Python package source | Notebook-scoped libraries with %pip | Notebook-scoped libraries with base environment YAML file | Cluster libraries | Job libraries with Jobs API |
---|---|---|---|---|
PyPI | Use %pip install . See example. |
Add a PyPI package name to a base environment YAML file. See example. | Select PyPI as the source. | Add a new pypi object to the job libraries and specify the package field. |
Private PyPI mirror, such as Nexus or Artifactory | Use %pip install with the --index-url option. Secret management is available. See example. |
Add the -–index-url to a base environment YAML file. Secret management is available. See example. |
Not supported. | Not supported. |
VCS, such as GitHub, with raw source | Use %pip install and specify the repository URL as the package name. See example. |
Add a repository URL as a package name to a base environment YAML file. See example. | Select PyPI as the source and specify the repository URL as the package name. | Add a new pypi object to the job libraries and specify the repository URL as the package field. |
Private VCS with raw source | Use %pip install and specify the repository URL with basic authentication as the package name. Secret management is available. See example. |
Add a repository with basic authentication as the package name to a base environment YAML file. See example. | Not supported. | Not supported. |
File path | Use %pip install . See example. |
Add a file path as a package name to a base environment YAML file. See example. | Select File path/ADLS as the source. | Add a new egg or whl object to the job libraries and specify the file path as the package field. |
Azure Data Lake Storage Gen2 | Use %pip install together with a pre-signed URL. Paths with the Azure Data Lake Storage Gen2 protocol abfss:// are not supported. |
Add a pre-signed URL as a package name to a base environment YAML file. Paths with the Azure Data Lake Storage Gen2 protocol abfss:// are not supported. |
Select File path/ADLS as the source. | Add a new egg or whl object to the job libraries and specify the Azure Data Lake Storage Gen2 path as the package field. |
Python library precedence
You might encounter a situation where you need to override the version for a built-in library, or have a custom library that conflicts in name with another library installed on the cluster. When you run import <library>
, the library with the high precedence is imported.
Important
Libraries stored in workspace files have different precedence depending on how they are added to the Python sys.path
. A Databricks Git folder adds the current working directory to the path before all other libraries, while notebooks outside Git folders add the current working directory after other libraries are installed. If you manually append workspace directories to your path, these always have the lowest precedence.
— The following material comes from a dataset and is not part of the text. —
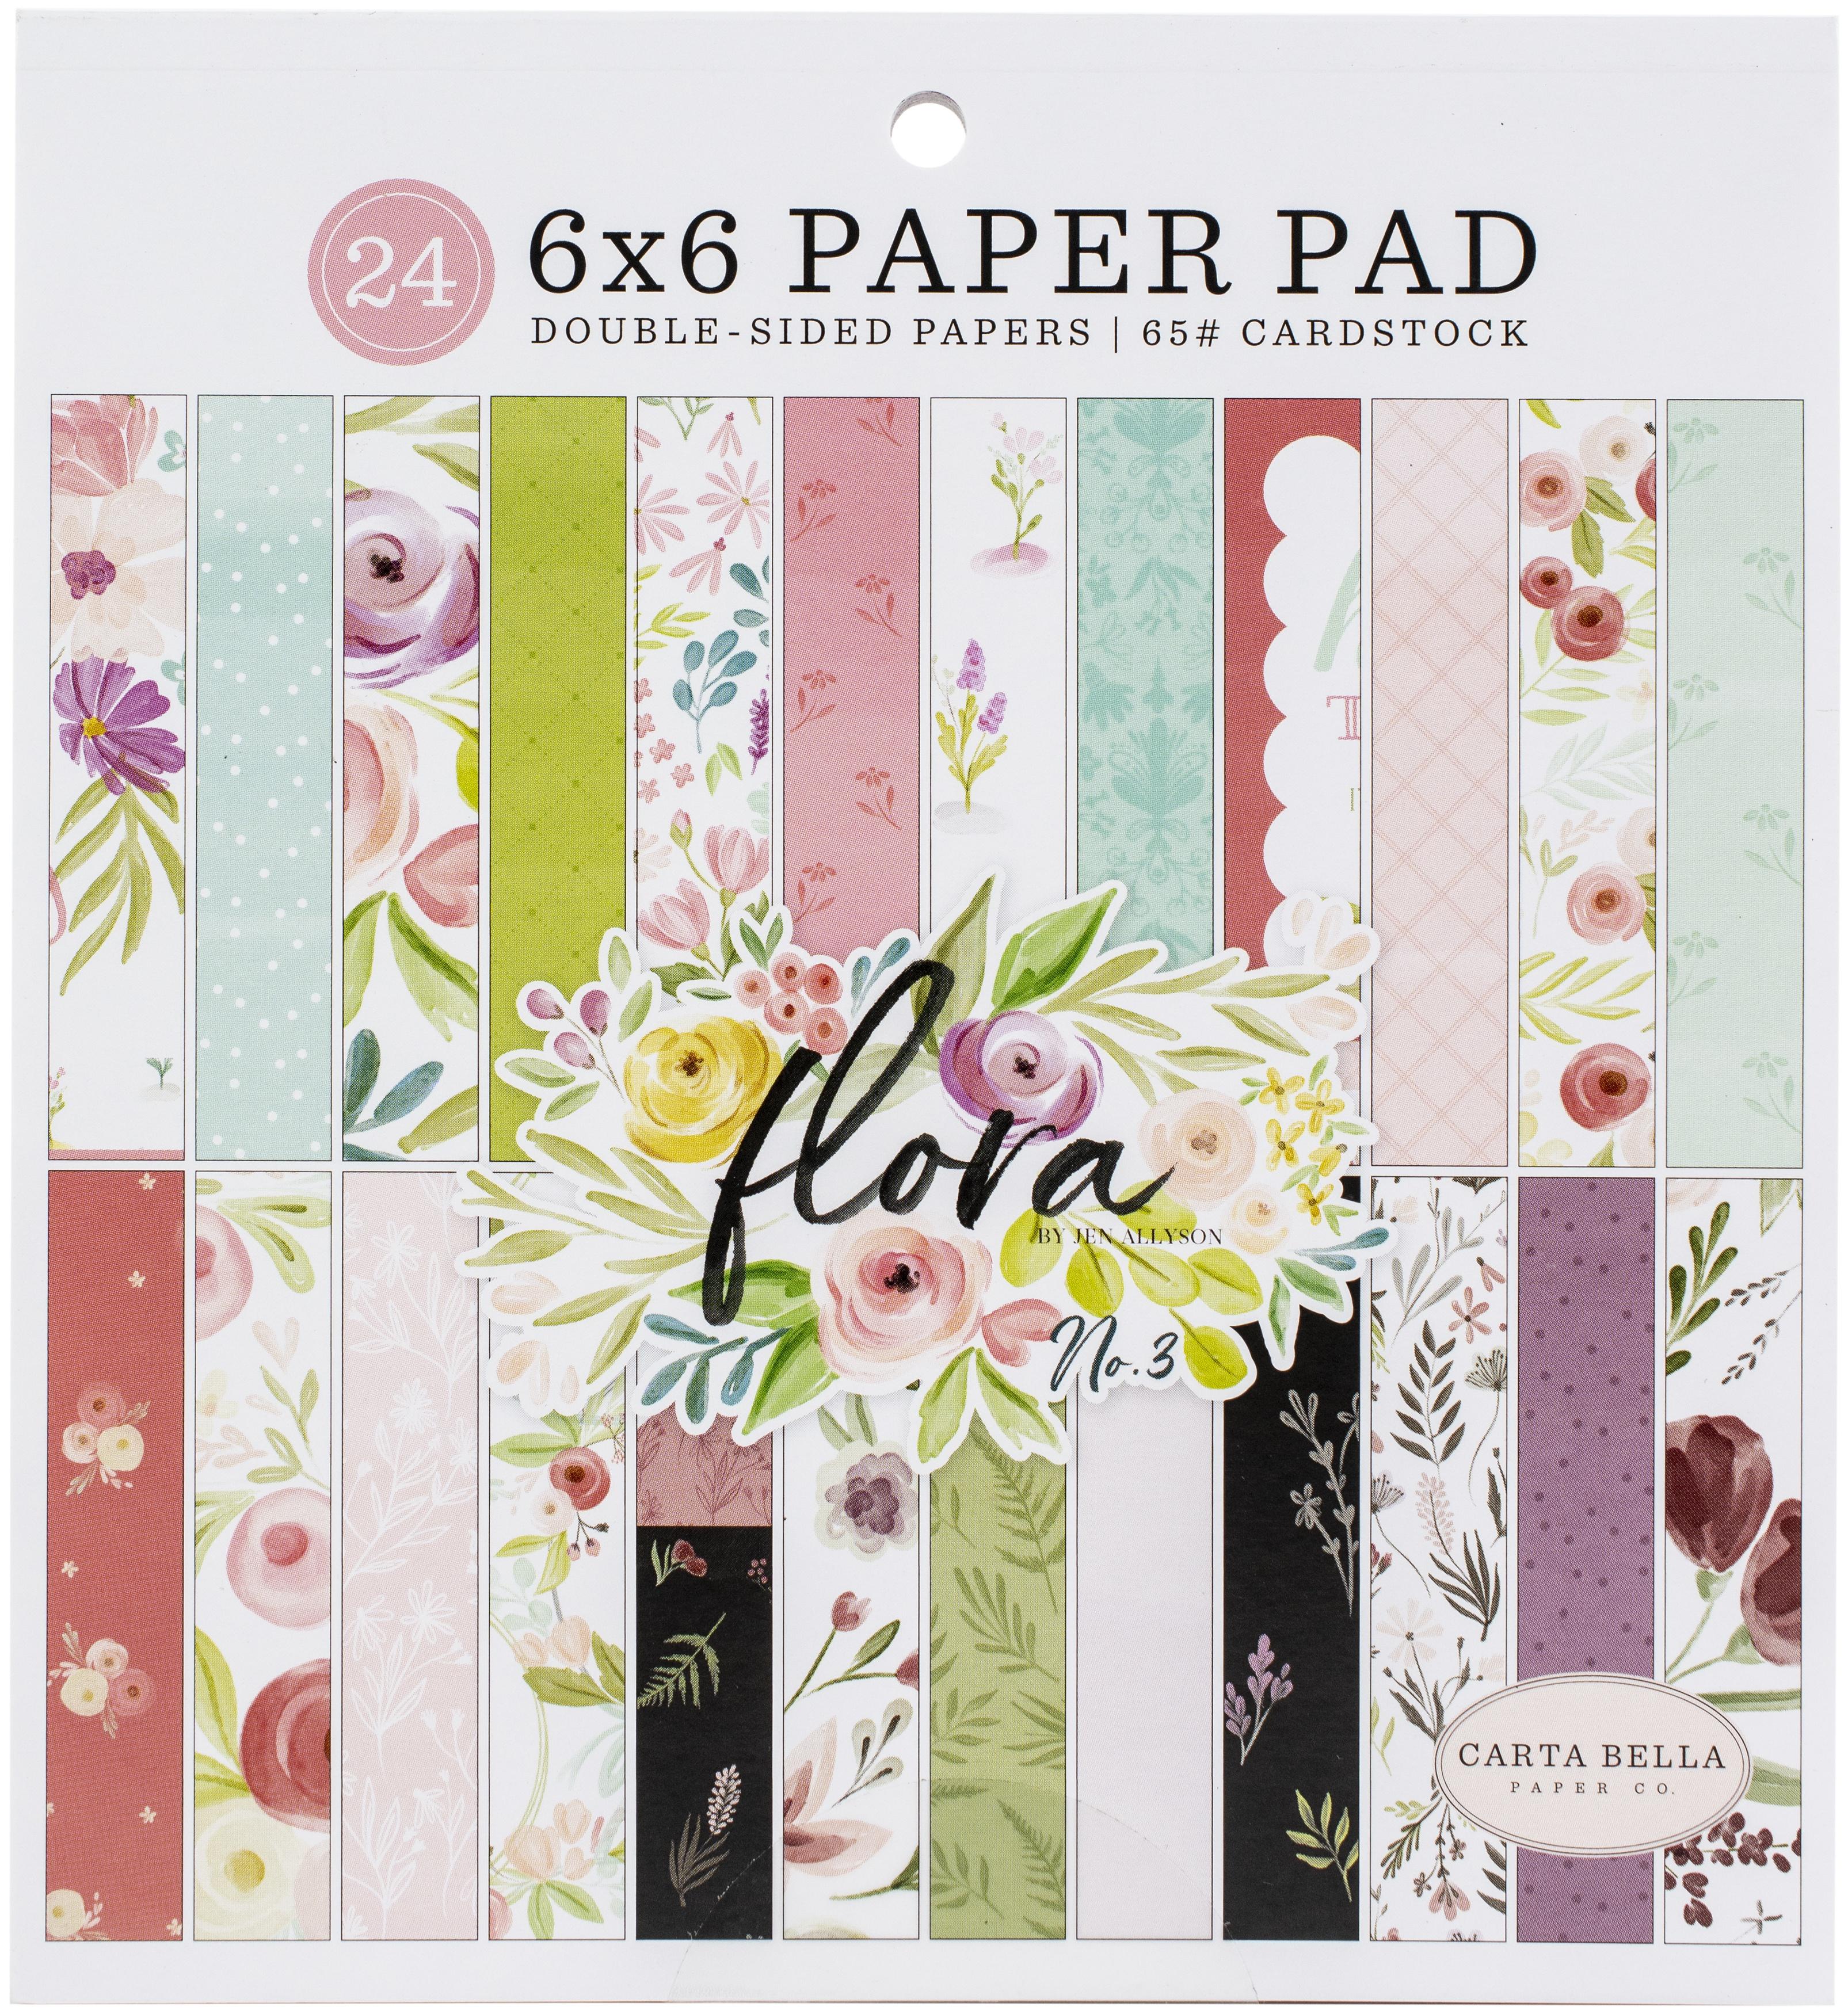 Carta Bella Double-Sided Paper Pad 6X6 24/Pkg-Flora No. 3, 12 Designs/2 Each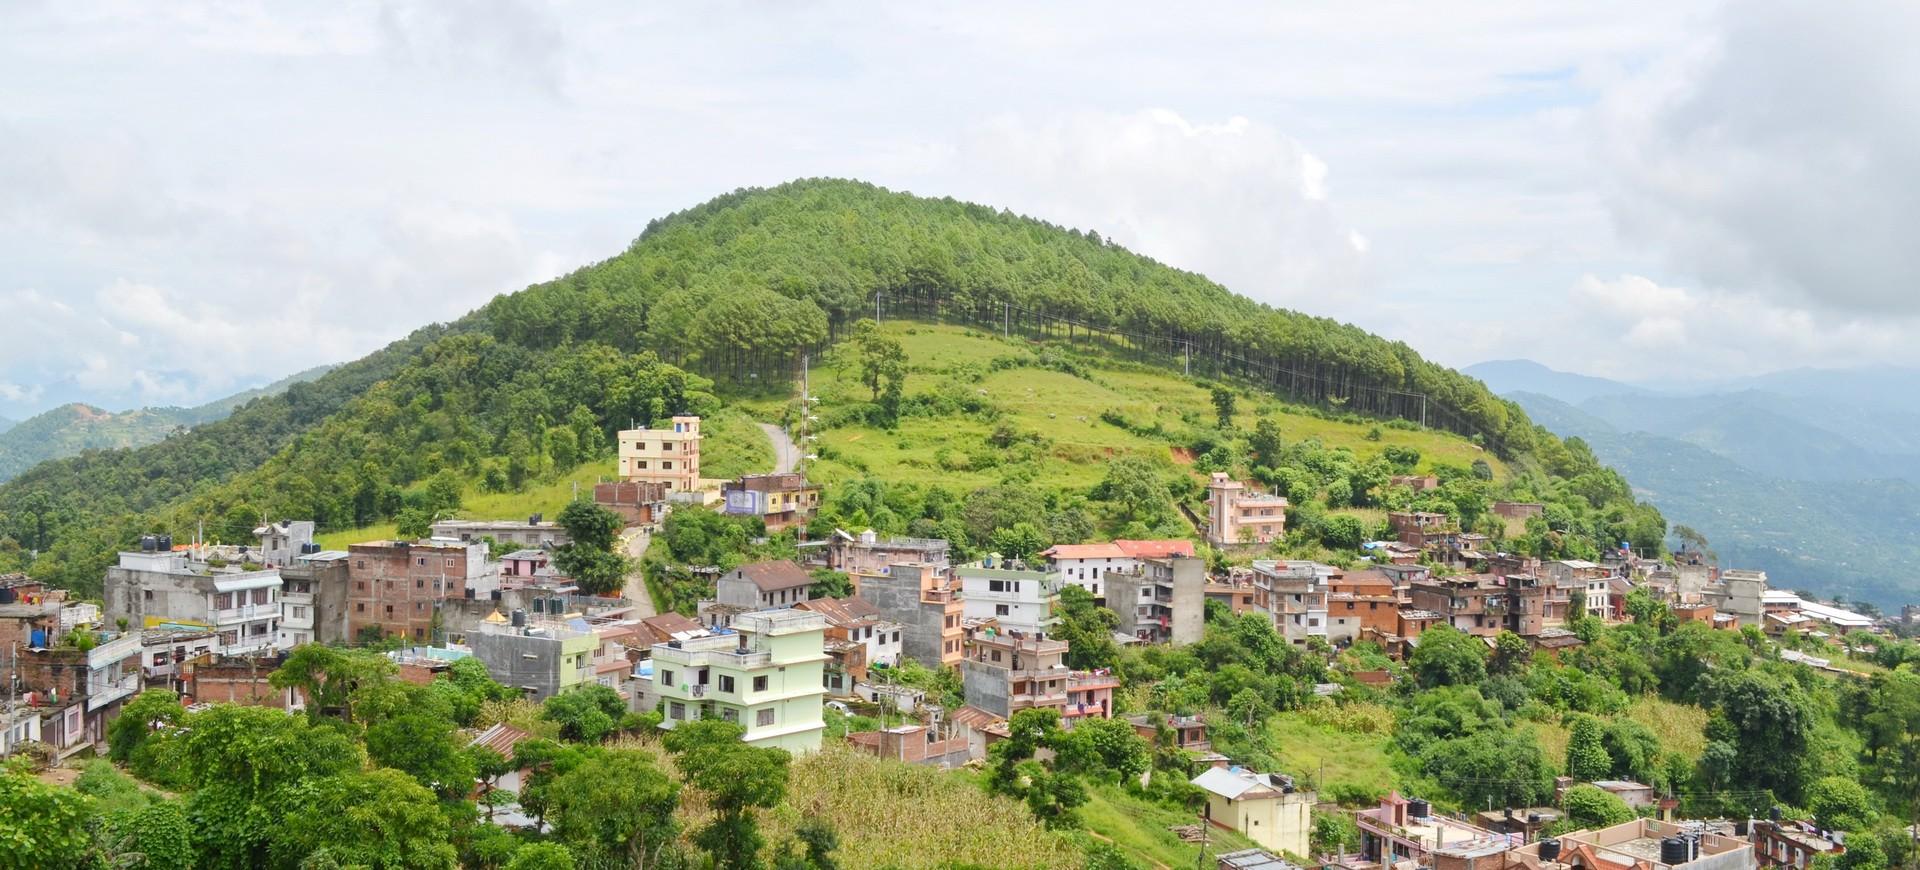 Népal Tansen Village

The following list orders precedence from highest to lowest. In this list, a lower number means higher precedence.
- Libraries in the current working directory (Git folders only).
- Libraries in the Git folder root directory (Git folders only).
- Notebook-scoped libraries (
%pip install
in notebooks). - Cluster libraries (using the UI, CLI, or API).
- Libraries included in Databricks Runtime.
- Libraries installed with init scripts might resolve before or after built-in libraries, depending on how they are installed. Databricks does not recommend installing libraries with init scripts.
- Libraries in the current working directory (not in Git folders).
- Workspace files appended to the
sys.path
.